The Streamlit application provides a user-friendly interface for uploading images, generating descriptions, and approving them. Detailed instructions on using the application will be available within the Streamlit app itself.

### Selecting Predefined Templates

1. In the Streamlit app, navigate to the "Output Format" section.
2. Select a predefined template from the dropdown menu.
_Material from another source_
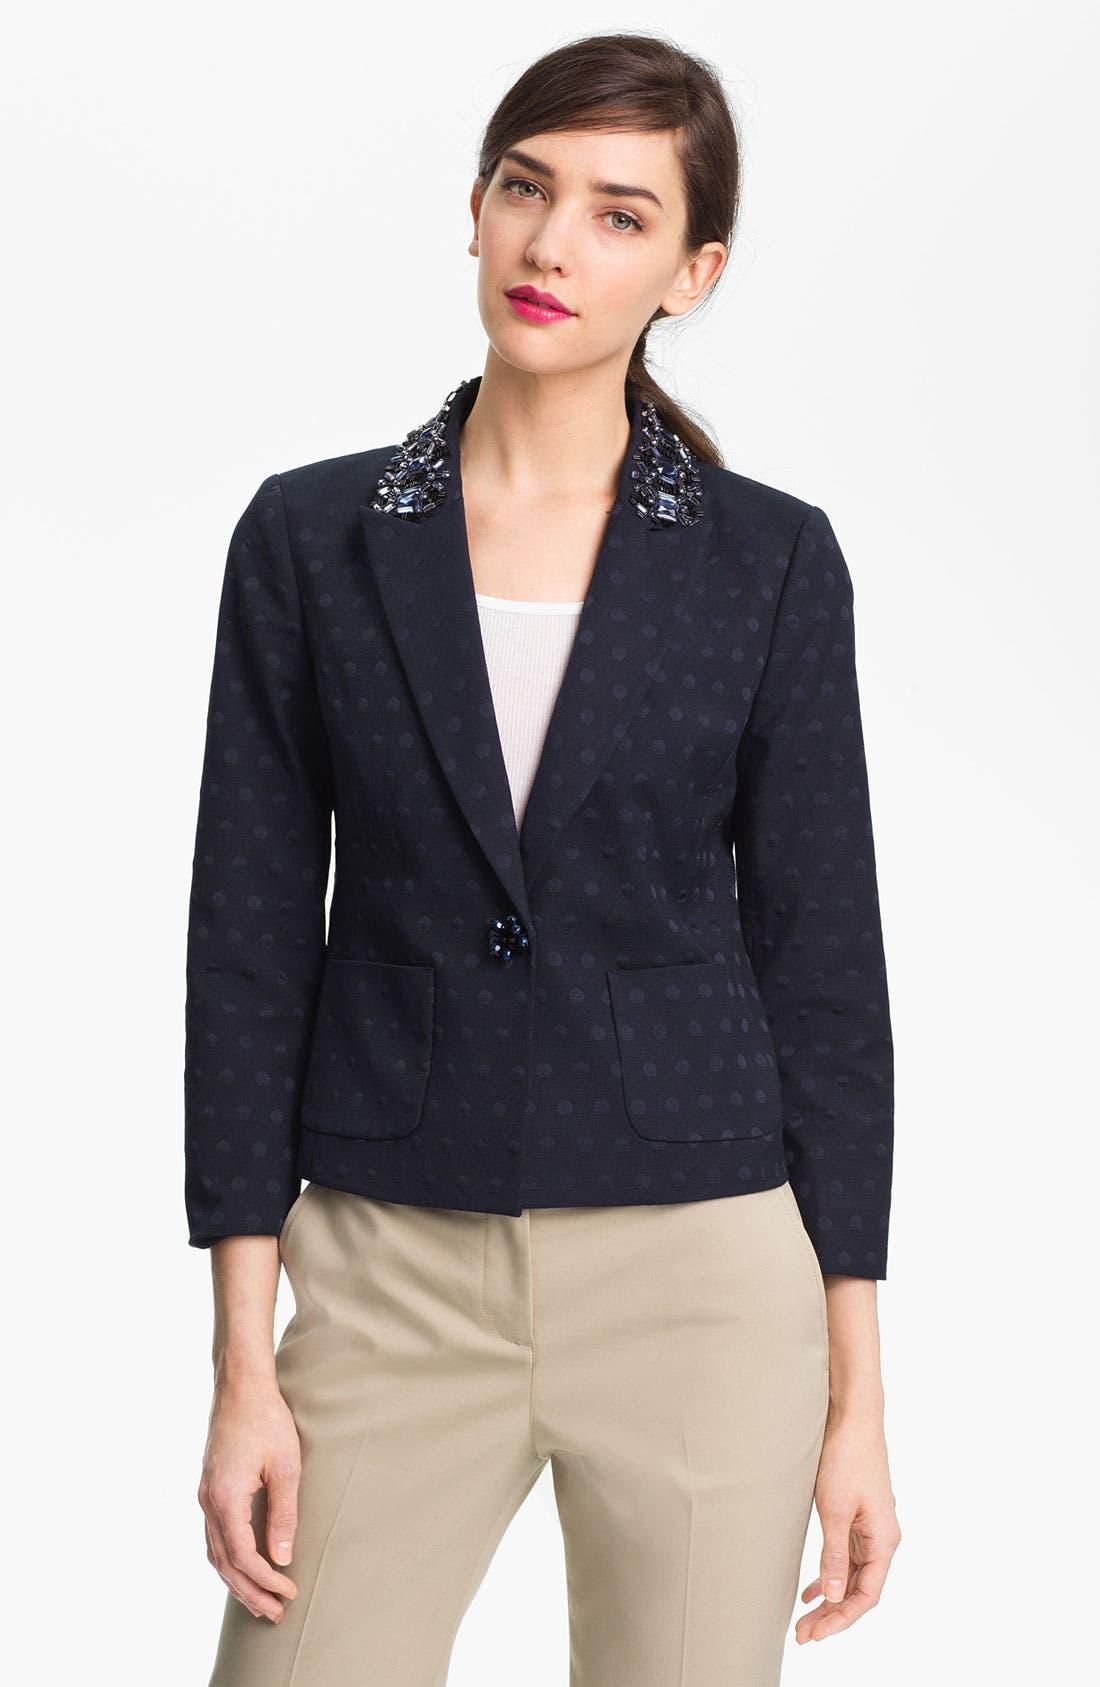 Alternate Image 1 Selected - Tory Burch 'Jaclyn' Embellished Blazer

Available templates include JSON, YAML, and Plain Text.
3. Customize the selected template by editing the configuration string in the "Output Configuration" text area.

### Previewing and Downloading the Generated Output

1. After generating the output, a preview section will display the generated output before finalizing it.
2. Make adjustments to the configuration string and see the changes reflected in real-time.
3. Download the generated output in different formats (e.g., JSON, YAML, text) using the provided download options.

### Saving and Loading Custom Templates

1. In the Streamlit app, navigate to the "Template Management" section in the sidebar.
2. Enter a template name and content, then click "Save Template" to save the custom template.
3. To load a saved template, select it from the dropdown menu and click "Load Template".
4. To delete a saved template, select it from the dropdown menu and click "Delete Template".

## Caching Mechanism and Optimizations

### Caching Expensive Operations

To improve performance, the application uses `st.experimental_memo` to cache expensive operations like model loading. This prevents the need to reload models every time the app reruns, significantly reducing the load time.

### Caching API Clients

The application uses `st.experimental_singleton` to cache API clients. This ensures that the API clients are only initialized once, reducing the overhead of creating new instances for each run.

### Optimized Image Handling

Images are resized and compressed before processing to reduce the amount of data being handled. This improves the performance of image processing tasks and reduces memory usage. Efficient image encoding and decoding techniques from `src/utils/image_utils.py` are utilized to minimize the overhead of handling large image files.

### Multithreading for Caching and Saving Approved Images

The application uses multithreading to handle the caching and saving of approved images. This is implemented in the `save_approved_images` method in `src/image_description.py`. By performing these tasks concurrently with other operations, the overall performance of the application is improved, especially when dealing with a large number of images.

## Contributing

Contributions are welcome! Please open an issue or submit a pull request.

## License

This project is licensed under the MIT License.